Posted at 5:30 PM, Sep 04, 2019
and last updated 2019-09-04 19:30:23-04

PROVO, Utah – New research from Brigham Young University is creating faster, better models to predict wildfire movement and growth based on foliage in the area.

Following a very wet, growth-promoting spring, Utah has seen a late start to the wildfire season. But as recent weeks have shown, fire season is far from over.

In a new study, sponsored by the Department of Defense, researchers at BYU’s Fire Research Lab were able to conduct an experiment to learn more detail on how fires initiate and burn through wildland fuels.

“We’re trying to understand and take some of the unpredictability out of fire by doing experiments in well-controlled environments,” said Fire Expert, Thomas H. Fletcher, a BYU professor of chemical engineering.

The research looked specifically into the role chemistry plays in how quickly a fire burns through various fuels. Meaning, the type of plant found near a fire may help to predict how it will burn and how quickly it could jump to another plant species.

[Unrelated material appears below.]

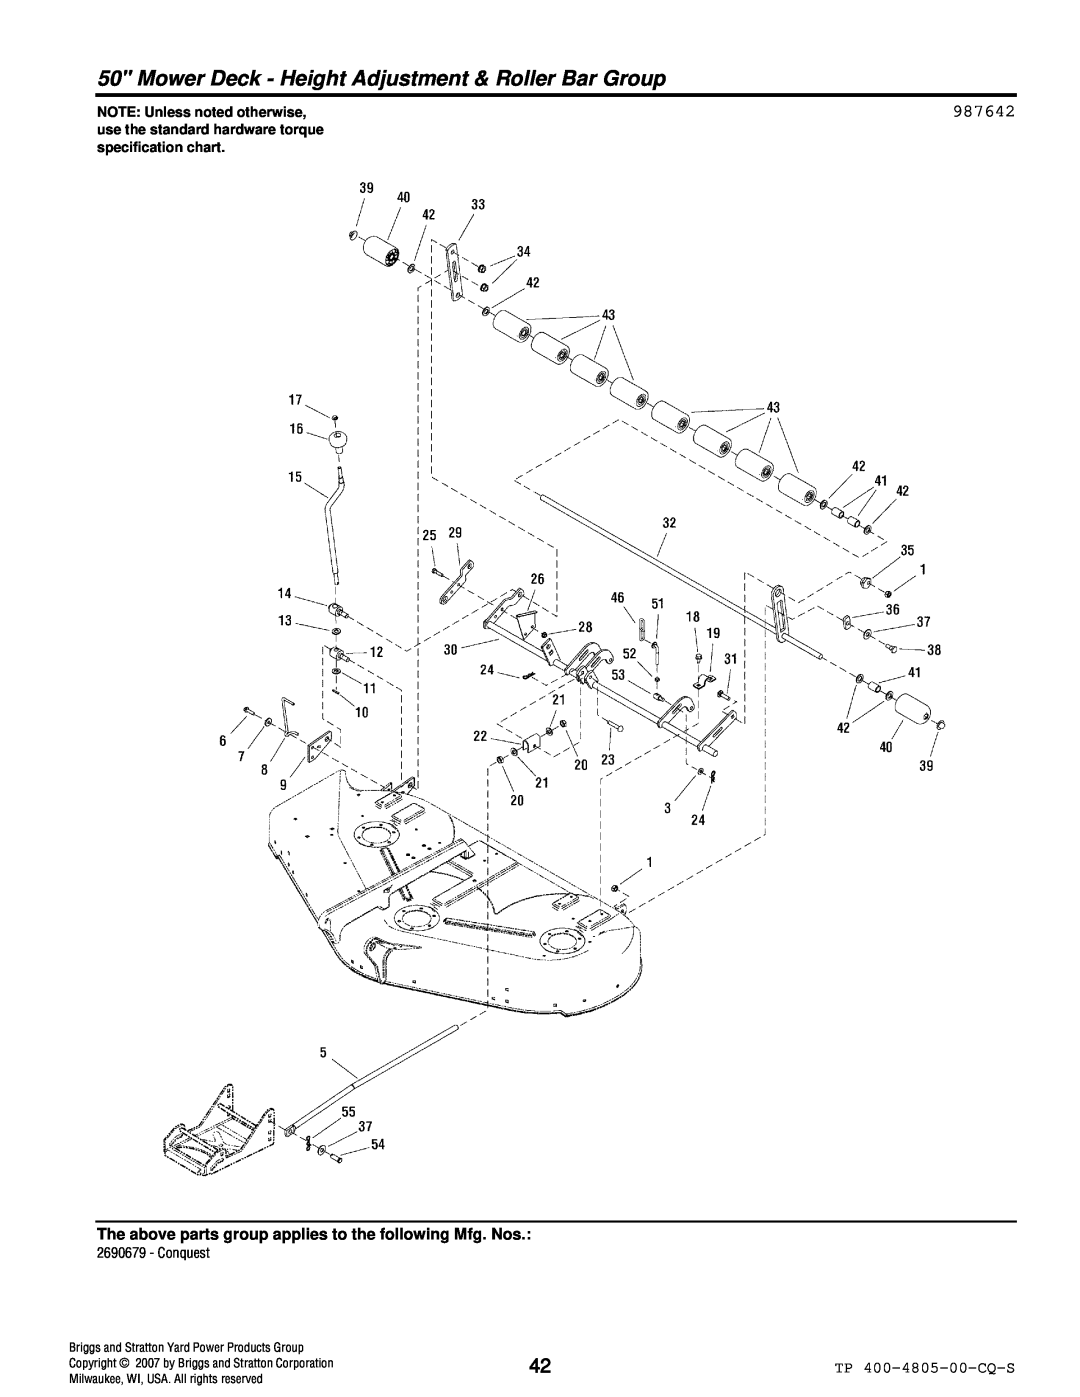 Simplicity 4WD Series manual 987642, NOTE Unless noted otherwise, Briggs and Stratton Yard Power Products Group

“There’s some fairly good models already for how dried grass burns, but nobody knows how these shrubs burn, that’s when the fire gets unpredictable,” Fletcher said. “I think what’s hard to monitor with the shrub is the geometry, how it grows from a few inches to a six or an eight-foot flame. How does that happen? We don’t know.”

Using 14 different shrub species, researchers heated each plant type to 800 degrees Celsius and categorized them based on which plants burned the fastest, the chemicals each contained, and the chemicals produced by them while burning.

“When something burns, it first gives off gases and they are the things that really burn when you see a flame like that,” Fletcher said.

They then further the experiment by using small ceramic felt pads, soaked in each given chemical, to simulate the different plant species being burned in different configurations.

“We look for patterns in the flames, whether they merge, whether they don’t merge, how the flames are behaving, how they interact with each other,” said Seth Tollefsen, a BYU chemical engineering student.

The experiment, in turn, allowing them to quickly predict a fire’s movement and growth based on the types of plants in the area.

“Very detailed models take up to two weeks to run, by that time the fire has moved,” Fletcher said. “We’re trying to do an intermediate scale model that runs quick enough that it can be useful for say, a fire manager that says, ‘Where is this fire going to be in four hours?’”

The small-scale model, hopefully, providing insight to a large-scale problem.

“We try to do the very best we can to save lives and save homes,” Fletcher said.

Researchers said, while the model can’t prevent a wildfire, it could prevent an existing one from turning into something much bigger.

Details from the experiment have been published in two separate studies in the Journal of Analytical and Applied Pyrolysis.